En aquel tiempo, las hermanas de Lázaro le mandaron recado a Jesús diciendo: «Señor, el que tú amas está enfermo». Jesús, al oírlo, dijo: «Esta enfermedad no es para la muerte, sino que servirá para la gloria de Dios, para que el Hijo de Dios sea glorificado por ella». Jesús amaba a Marta, a su hermana y a Lázaro. Cuando se enteró de que estaba enfermo se quedó todavía dos días donde estaba. Sólo entonces dijo a sus discípulos: «Vamos otra vez a Judea».

17 Cuando Jesús llegó, Lázaro llevaba ya cuatro días enterrado. 20 Cuando Marta se enteró de que llegaba Jesús, salió a su encuentro, mientras María se quedó en casa. 21 Y dijo Marta a Jesús: «Señor, si hubieras estado aquí no habría muerto mi hermano. 22 Pero aún ahora sé que todo lo que pidas a Dios, Dios te lo concederá». 23 Jesús le dijo: «Tu hermano resucitará». 24 Marta respondió: «Sé que resucitará en la resurrección en el último día». 25 Jesús le dijo: «Yo soy la resurrección y la vida: el que cree en mí, aunque haya muerto, vivirá; 26 y el que está vivo y cree en mí, no morirá para siempre. ¿Crees esto?». 27 Ella le contestó: «Sí, Señor: yo creo que tú eres el Cristo, el Hijo de Dios, el que tenía que venir al mundo».

33b Jesús se conmovió en su espíritu, se estremeció 34 y preguntó: «¿Dónde lo habéis enterrado?». Le contestaron: «Señor, ven a verlo». 35 Jesús se echó a llorar. 36 Los judíos comentaban: «¡Cómo lo quería!». 37 Pero algunos dijeron: «Y uno que le ha abierto los ojos a un ciego, ¿no podía haber impedido que éste muriera?».

38 Jesús, conmovido de nuevo en su interior, llegó a la tumba. Era una cavidad cubierta con una losa. 39 Dijo Jesús: «Quitad la losa». Marta, la hermana del muerto, le dijo: «Señor, ya huele mal porque lleva cuatro días». 40 Jesús le replicó: «¿No te he dicho que si crees verás la gloria de Dios?». 41 Entonces quitaron la losa. Jesús, levantando los ojos a lo alto, dijo: «Padre, te doy gracias porque me has escuchado; 42 yo sé que tú me escuchas siempre; pero lo digo por la gente que me rodea, para que crean que tú me has enviado». 43 Y dicho esto, gritó con voz potente: «Lázaro, sal afuera». 44 El muerto salió, los pies y las manos atados con vendas, y la cara envuelta en un sudario. Jesús les dijo: «Desatadlo y dejadlo andar». 45 Y muchos judíos que habían venido a casa de María, al ver lo que había hecho Jesús, creyeron en Él (Jn 11, 3-7.17.20-27.33b-45).

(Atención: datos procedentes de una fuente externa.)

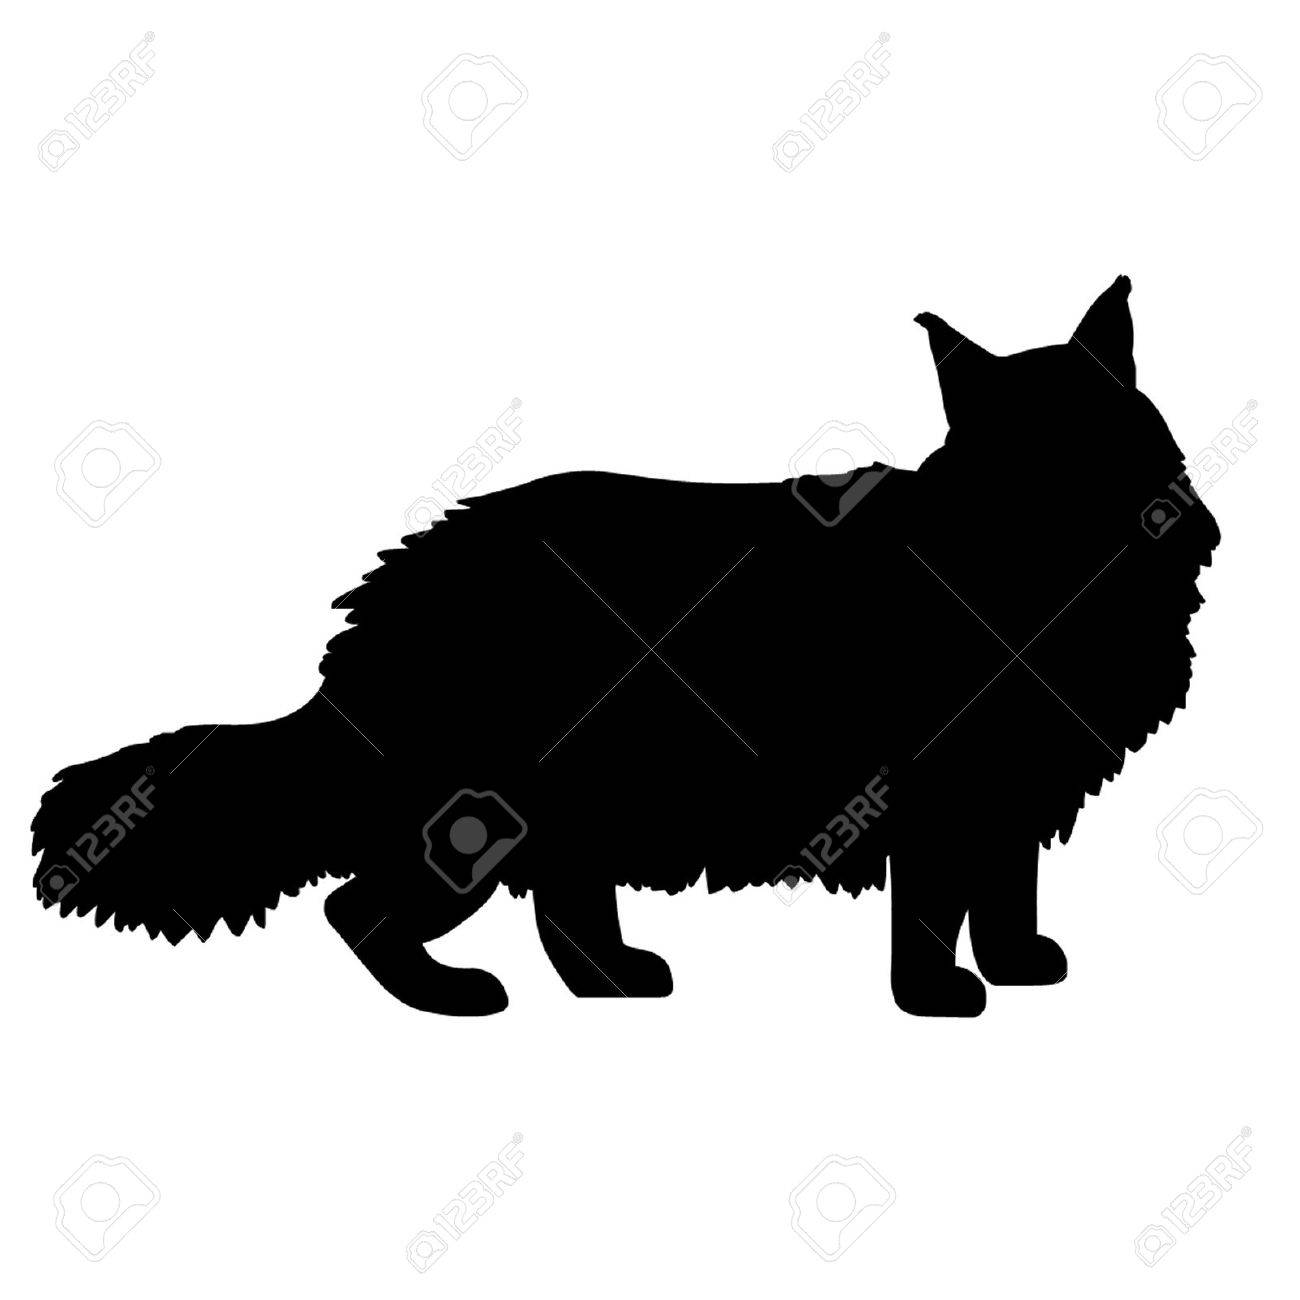 Maine Coon Cat Stock Vector - 16383894

I – Dios, único Señor de la vida

De entre los muchos descubrimientos que el hombre ha ido realizando a lo largo de los siglos, destacan los métodos de curación de diversas enfermedades, los cuales le han conferido a la medicina un extraordinario avance en el tratamiento de dolencias que antes eran mortales. ¿Quién podría imaginar, tan sólo dos siglos atrás, la existencia de determinados fármacos o los trasplantes de órganos que han salvado tantas vidas?

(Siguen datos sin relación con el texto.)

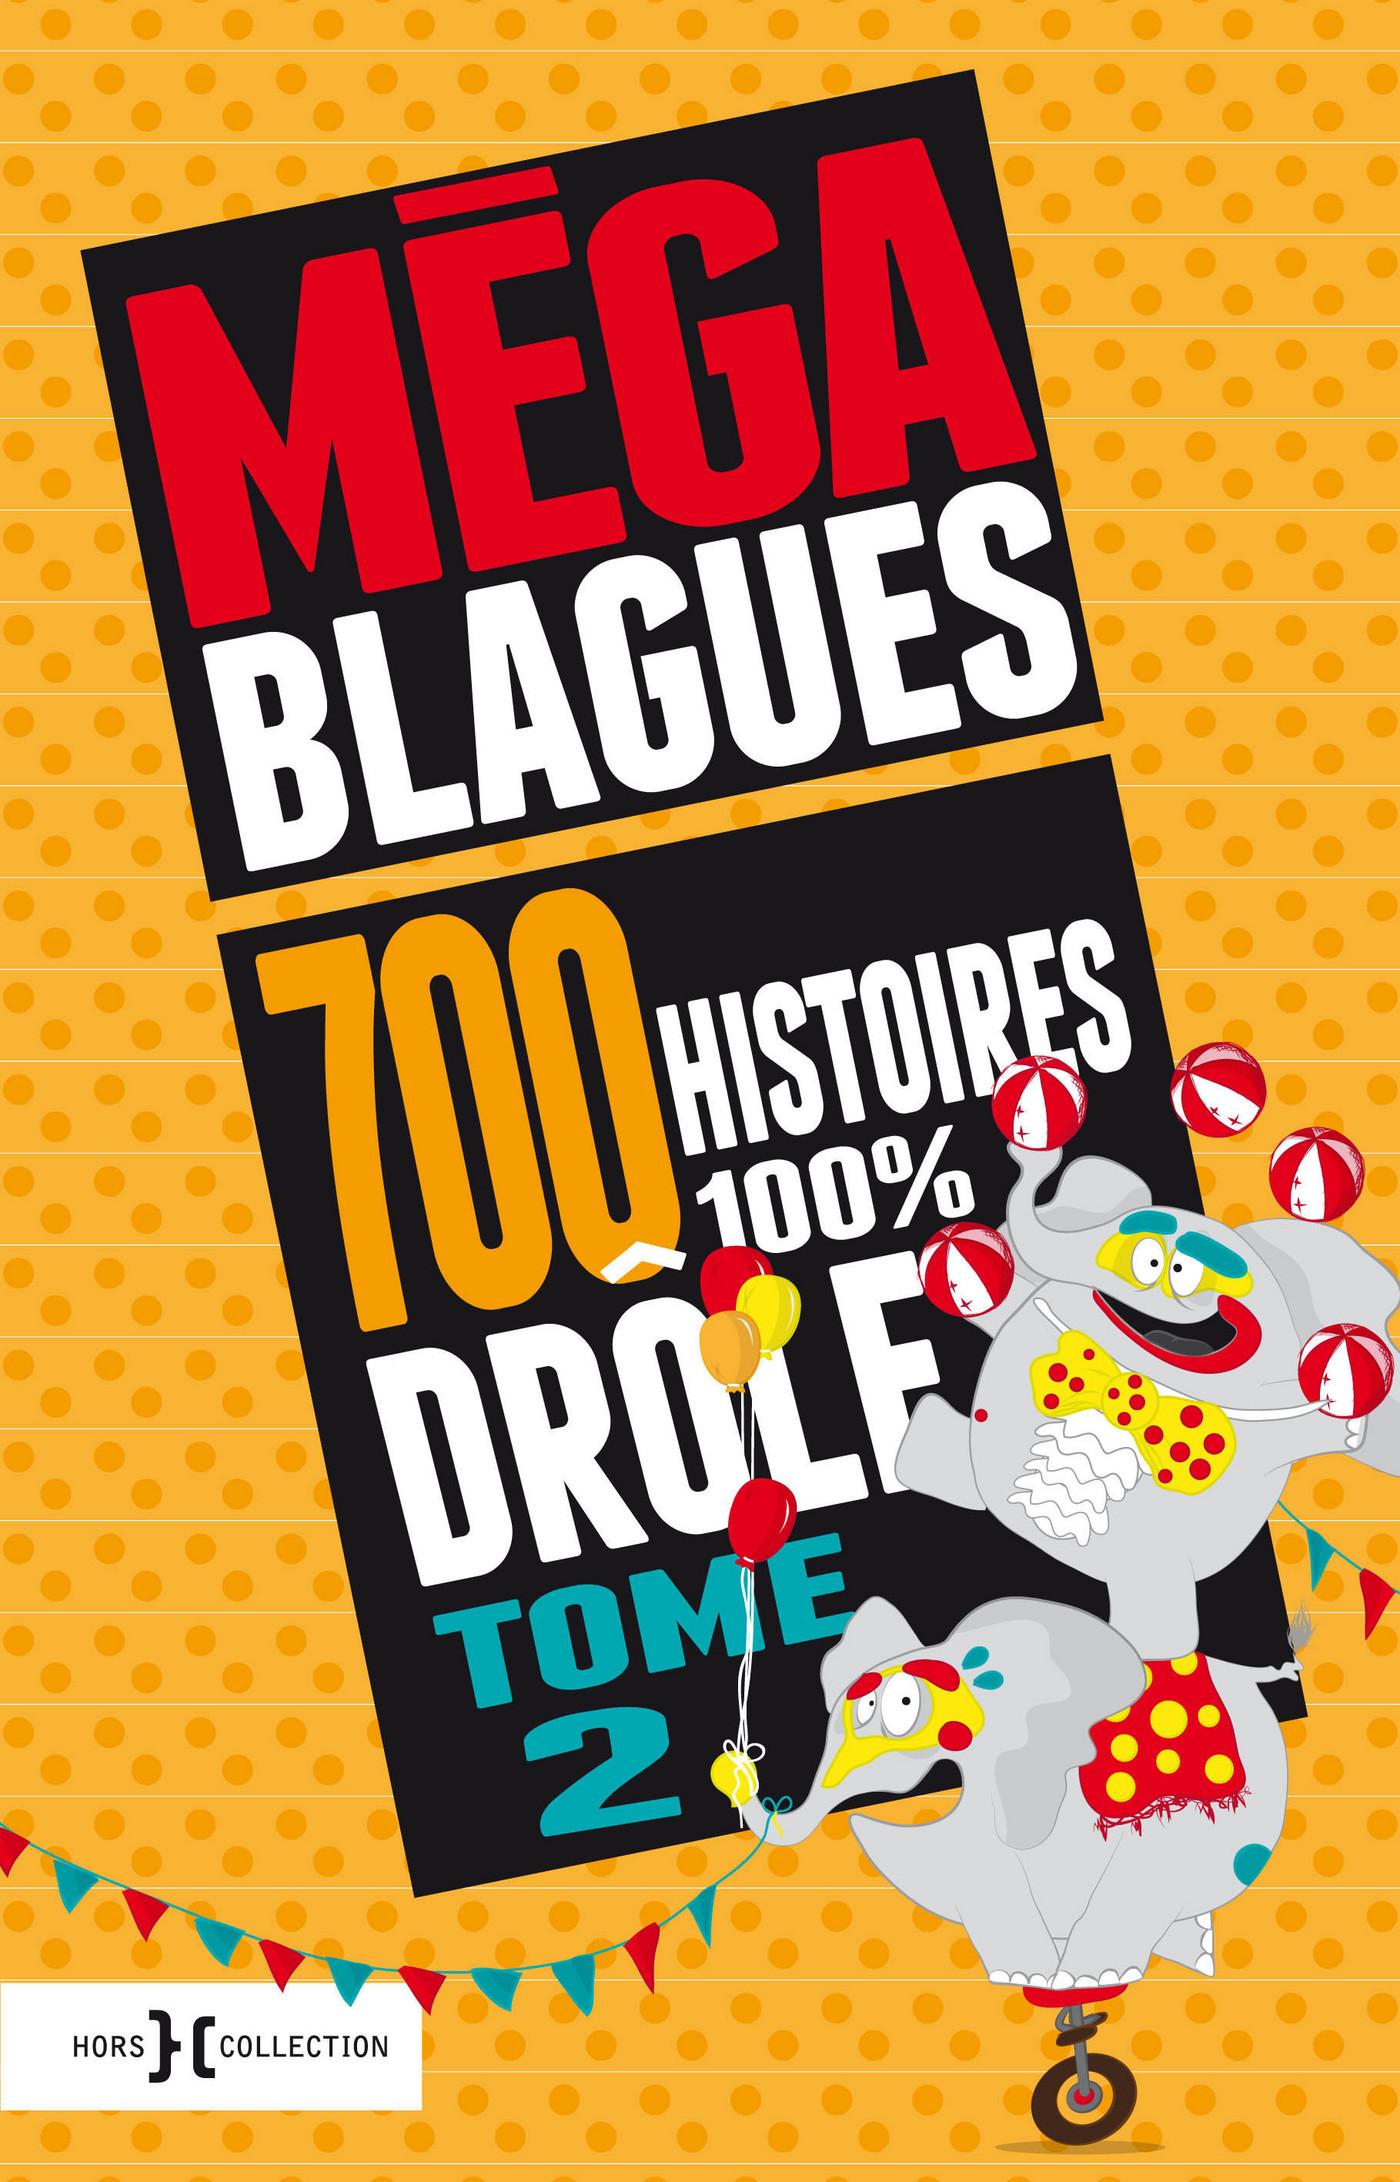 Méga Blagues - 700 histoires 100% drôles (ebook)

Sin embargo, pese a estos progresos, la humanidad jamás conseguirá hallar la ansiada «píldora de la inmortalidad». El final de nuestros días en esta tierra puede ser pospuesto por la ciencia, pero nada más en apariencia, pues la hora de la muerte solamente le pertenece a Dios, Señor de la vida. Así como vivimos en sus manos —aunque muchos se olviden de Él por completo—, moriremos en sus santas manos y, si somos buenos, resucitaremos para la felicidad eterna también por ellas.

He aquí el tema de la liturgia de este quinto domingo de Cuaresma: la vida.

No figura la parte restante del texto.